The US designation dismisses this approach. It treats the symptoms, not the disease. And by embedding itself in a Brazilian electoral contest, it makes clear that the objective is not public safety in Rio’s favelas. It is political advantage in Washington and Brasília.
The counter-argument we cannot ignore
This analysis would be incomplete without acknowledging the genuine violence of PCC and Comando Vermelho. These are not political dissidents or resistance movements. They are organisations responsible for drug trafficking across continents, territorial control through murder and extortion, and the governance of roughly 1,500 favelas where the state has no presence. The 121 dead in October include gang members killed in conflict with police, alongside residents caught in the crossfire.
There is a real debate to be had about whether favela residents, living under criminal rule, see aggressive police action as their best available option, and the 88% approval figure for the October raid cannot be easily dismissed. Lula’s own government has struggled to contain gang violence, and the $2bn programme, while promising, has not produced visible results fast enough to prevent the political space from being captured by Flavio Bolsonaro and his US allies.
But the existence of genuine criminal violence does not justify the political weaponisation of the terrorist label. It does not render the residents of Complexo da Penha collateral damage in a US election operation. And it does not obscure the fundamental irony at the centre of this story: the United States is designating Brazilian criminal organisations as terrorists while arming and politically supporting the son of a former Brazilian president who was sentenced to 27 years for attempting to subvert democracy, a crime that mirrors Trump’s own January 6-related legal exposure.

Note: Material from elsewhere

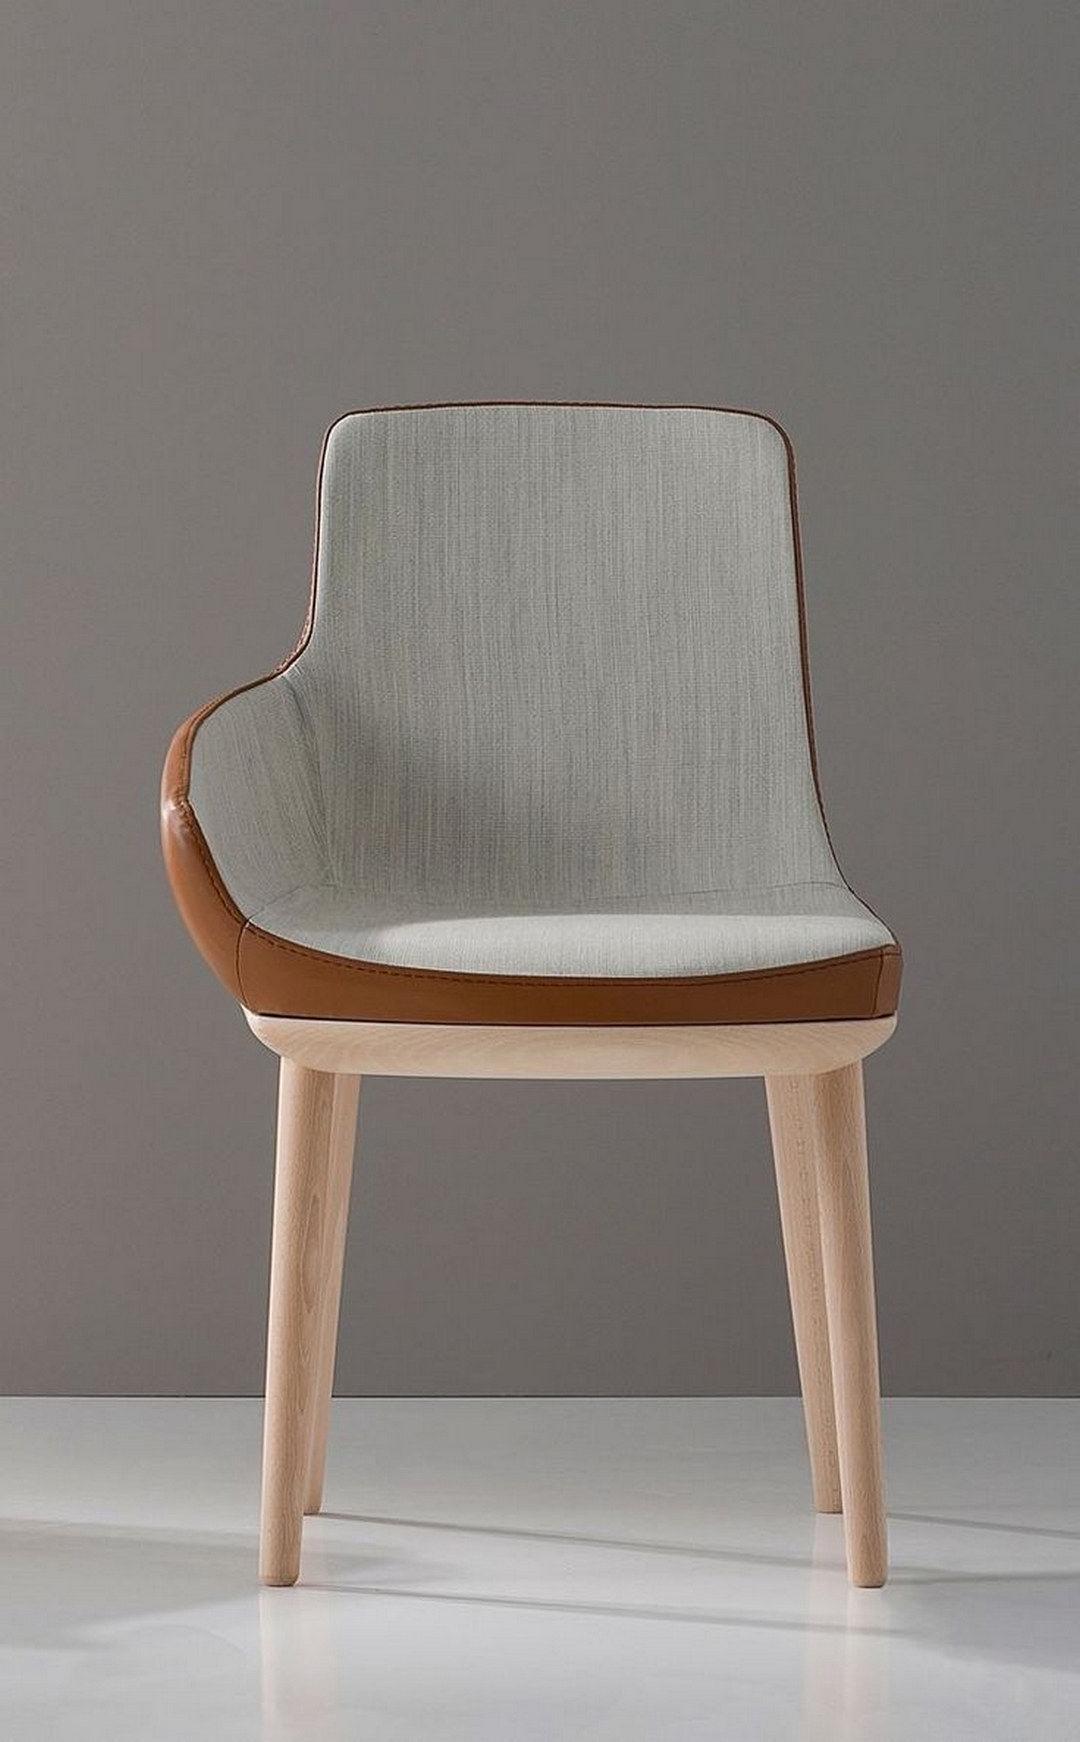 Fantastic Scandinavian Chair Design Idea 6 Chair Design Scandinavian Chairs Furniture Design Modern
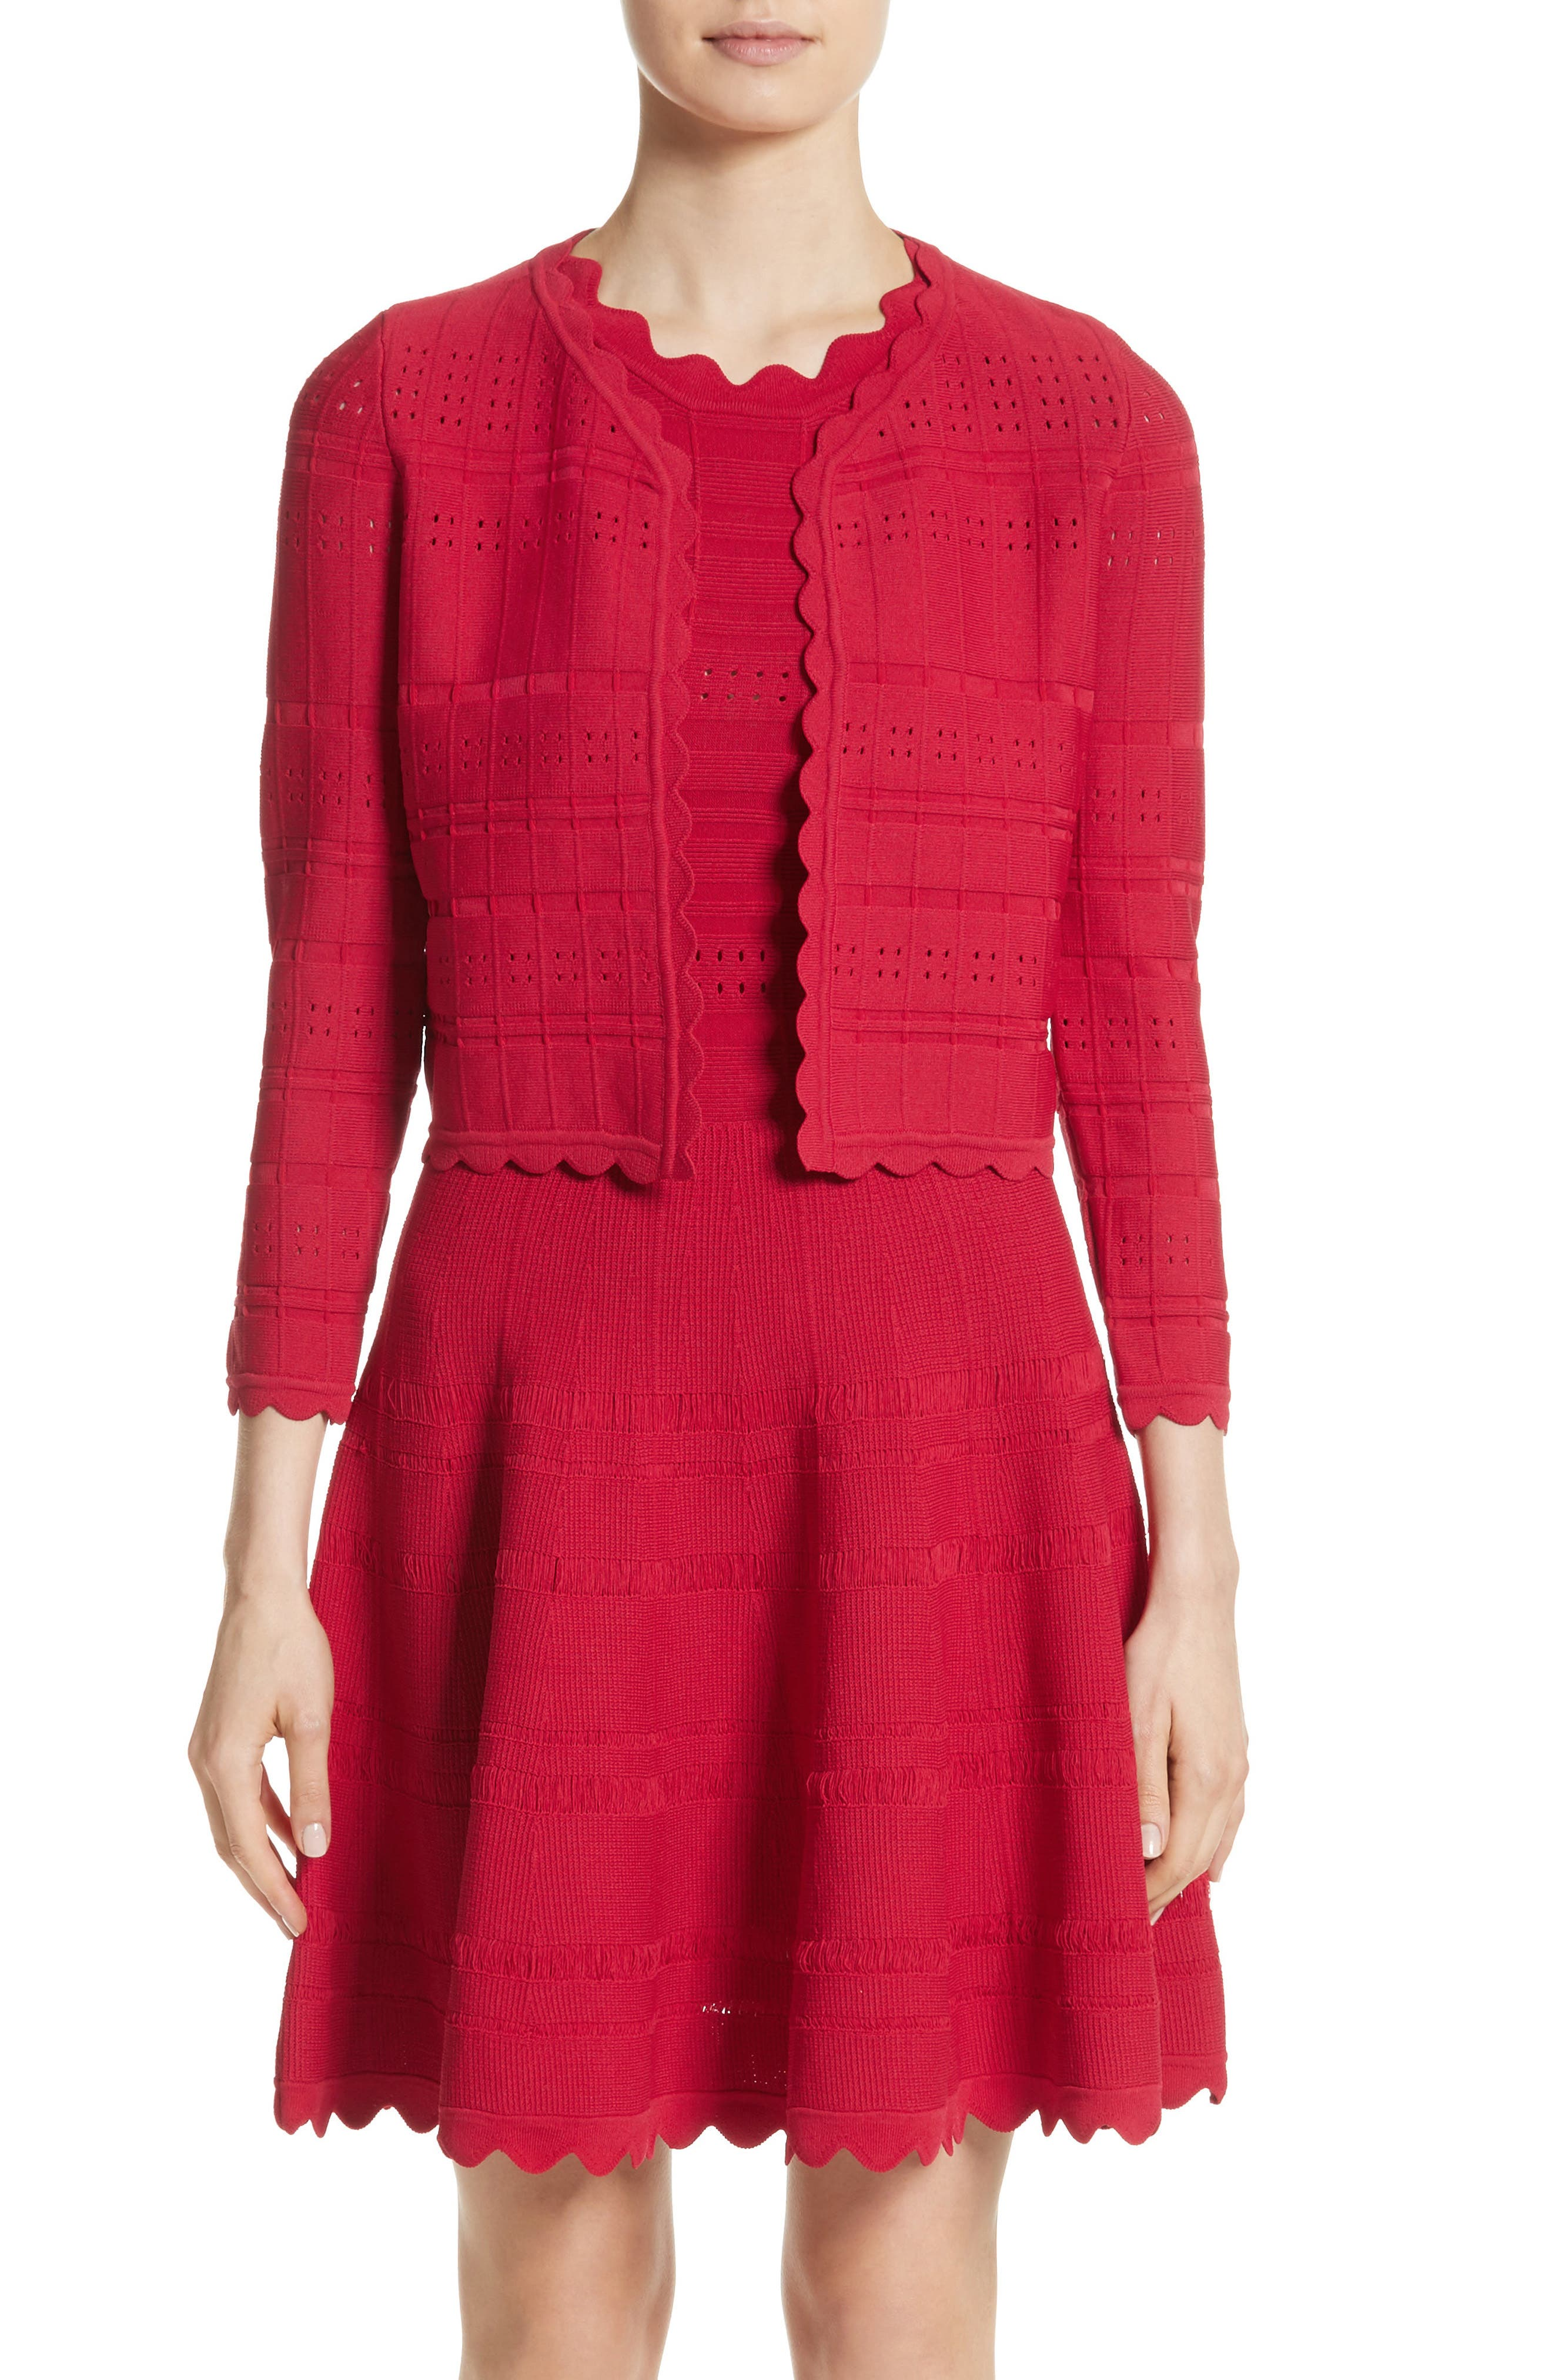 Scallop Trim Knit Dress,                             Alternate thumbnail 8, color,                             620

The people of Rio’s favelas do not need the United States to tell them what violence looks like. They experience it daily, from the gang members who tax them and the police who raid them. What they need, and what the terrorist designation actively prevents, is a sovereign Brazilian response built on investment, inclusion, and the recognition that they are citizens, not battleground terrain in someone else’s geopolitical game.